Use the balanced (or ionic) equation to find the moles of the other reactant
Calculate the volume or concentration as required of that reactant
Concentration = moles ÷ volume (dm-³)
Volume in dm³ = volume in cm³ ÷ 1000 e.g 25cm³ -> 25 ÷ 1000 = 0.025dm³)
Concentration in gdm-³ = concentration in mol dm-³ × Mr (e.g H2SO4 0.10 moldm-³ -> 0.10 × 98dm³ = 9.8gdm-³)
In many titrations, a standard solution of one the reagents is made (typically 250cm³ in volumetric flask) and 25cm³ portions of this standard solution are used in each titration
Monoprotic acid means one H+ ion per unit and examples are HCl, HNO3, CH3COOH. The reacting ratio with NaOH is 1:1 (acid : NaOH)
Diprotic acid means two H+ ions per unit and examples of this are H2SO4 and the reacting ratio with NaOH is 1:2 (acid : NaOH)
Triprotic acid means three H+ ions per unit and examples are H3PO4 and the reacting ratio with NaOH is 1:3 (acid : NaOH)
Example of solution calculation
25.0cm³ of 0.020moldm-³ sulfuric acid neutralises 18.6cm³ of sodium hydroxide solution
H2SO4(aq) + 2NaOH(aq) -> Na2SO4(s) + 2H20(l)
A)find the concentration of the sodium hydroxide solution in moldm-³
Moles of H2SO4 = conc x vol =
0.020 × (25÷1000) = 0.000500
Moles of NaOH = conc x vol = 2 x Moles H2SO4 = 0.000500 x 2 = 0.00100
Concentration of NaOH = Moles ÷ volume = 0.00100 ÷ (18.6÷1000) = 0.0538moldm-³
B) find the concentration of th sodium hydroxide solution in gdm-³
Mr of NaOH = 23 + 16 + 1 = 40
Mass of NaOH in 1dm-³ = Mr x Moles = 40 x 0.0538 = 2.15g
Concentration = 2.15gdm‐³
Another example of solution calculation
Crystals of citric acid contain water of crystallisation (C6H8O7.nH2O), Citric and is a triprotic acid 1.52 g of the citric acid was made up to 250 cm³ solution. 25 cm³ portions of this solution required 21.80 cm³ of 0.100 mol dm-³ sodium hydroxide for neutralisation Calculate the Mr. and the value of n 0.00218 Moles of NaOH = conc x vol (dm³) = 0.100 x (21.80 ÷ 1000) = 0.00218
Moles of C6H8O7.nH2O in each titration = 0.00218 ÷ 3 = 0.000727 (1mol of acid reacts with 3mol of NaOH)
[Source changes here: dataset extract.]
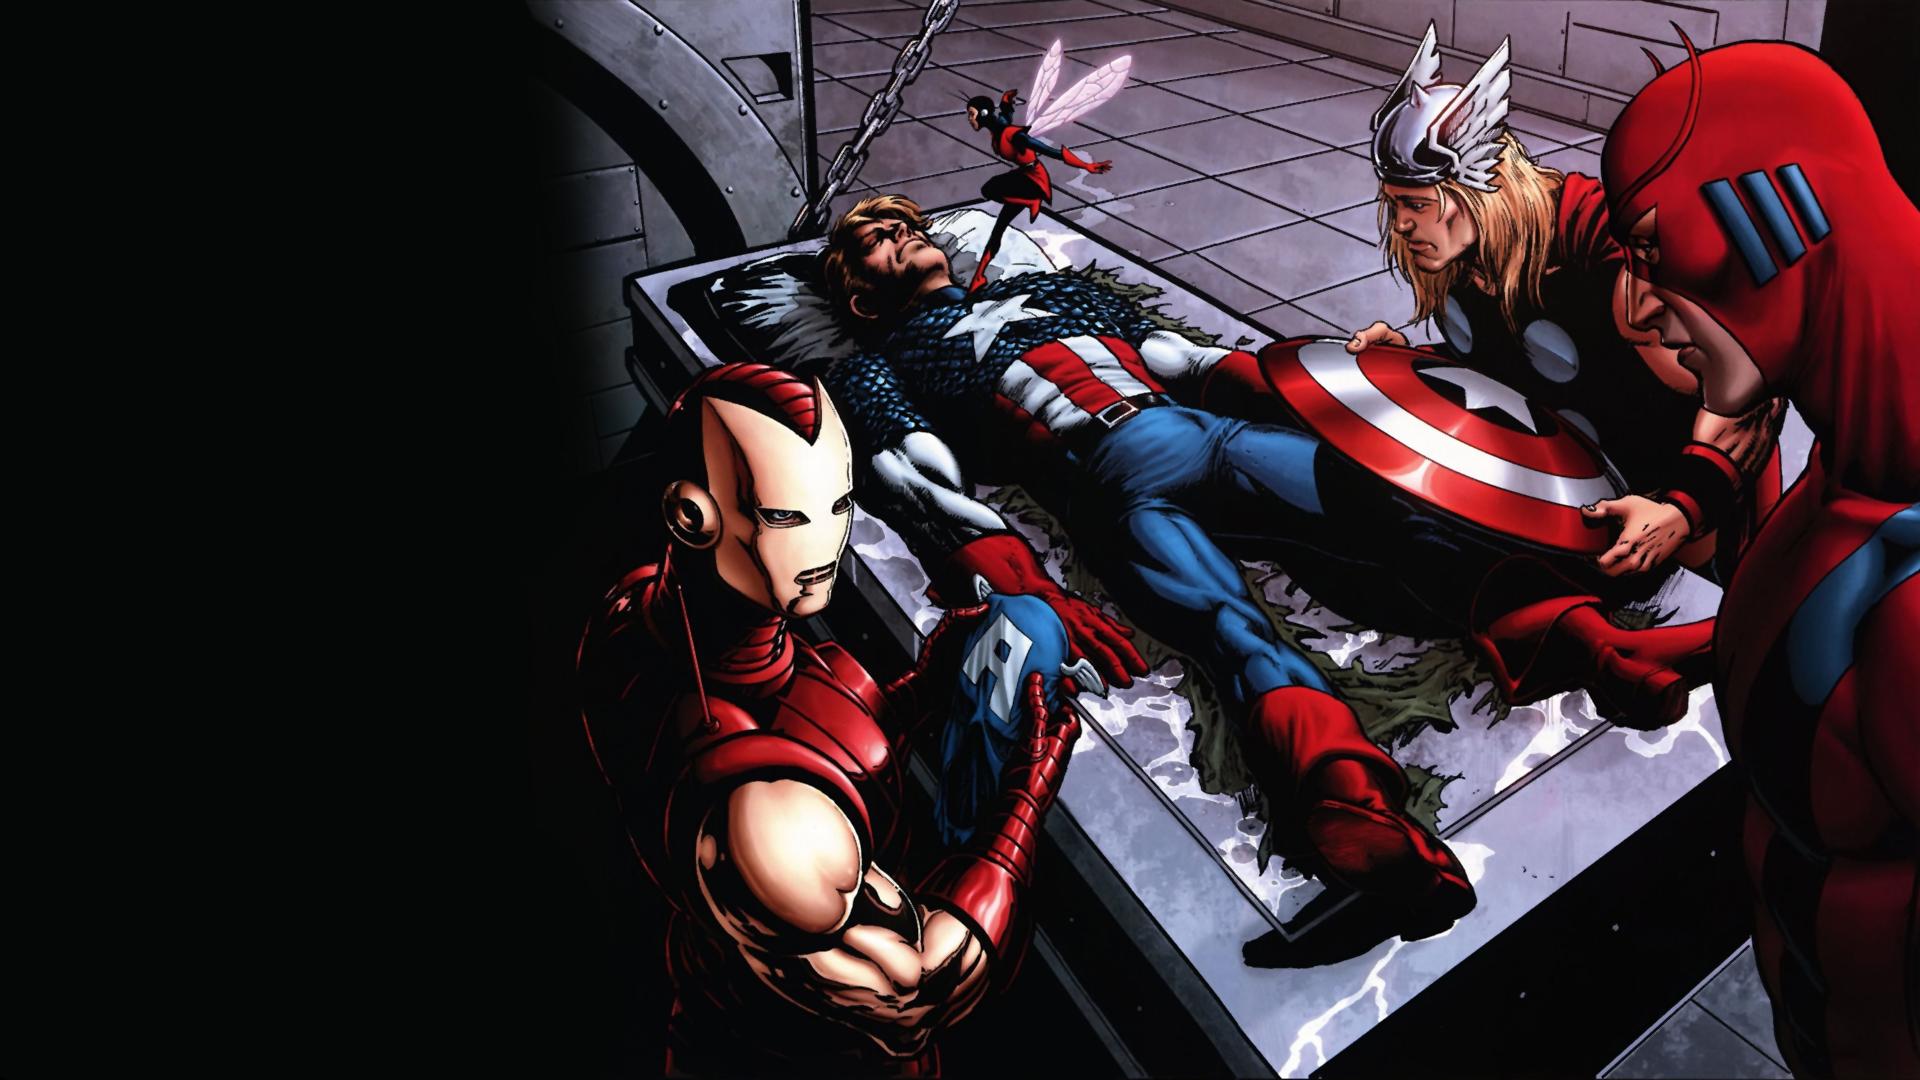 49 Iron Man Captain America Wallpaper On Wallpapersafari

Moles of C6H8O7.nH2O in 250 cm³ solution = 0.000727 x 10 = 0.00727
Mr of C6H8O7.nH2O = mass = 1.52÷0.00727 = 209.2
Mr of nH2O = 209.2-192.0=17.0
n = 17 ÷ 18 = 0.954 = 1 (n is a whole number)
A back titration is done to analyse a base (or acid) that does not react easily or quickly with an acid (or base). As an alternative the base (or acid) is treated with an excess of acid (or base) and then the left over acid (or base) titrated. You can then work back to find out about the original base (or acid)
Examole of a back titration
Imagine that we are trying to find out how many moles of CaCO3 we have (let's call it p moles). We add 10 moles of HCI (an excess). The excess is made into a 250 cm³ solution in a volumetric flask and then 25cm³ portions of it require 0.4 moles of NaOH for neutralisation CaCO3 + 2HCl -> CaCl2 + H₂O + CO2
HCI NaOH NaCl HO
This means that there is 10 × 0.4 moles (= 4 moles) of left over HCI in the volumetric flask solution (as we used 1/10 of the solution in the volumetric flask in each titration) This means that 6 moles (10-4 moles) of HCI reacted with the CaCO3 This means that there must have been 3 moles of CaCO3 (i.e. p = 3 ) in the first place (remember that 2 moles of HCI reacts with each mole of CaCO3).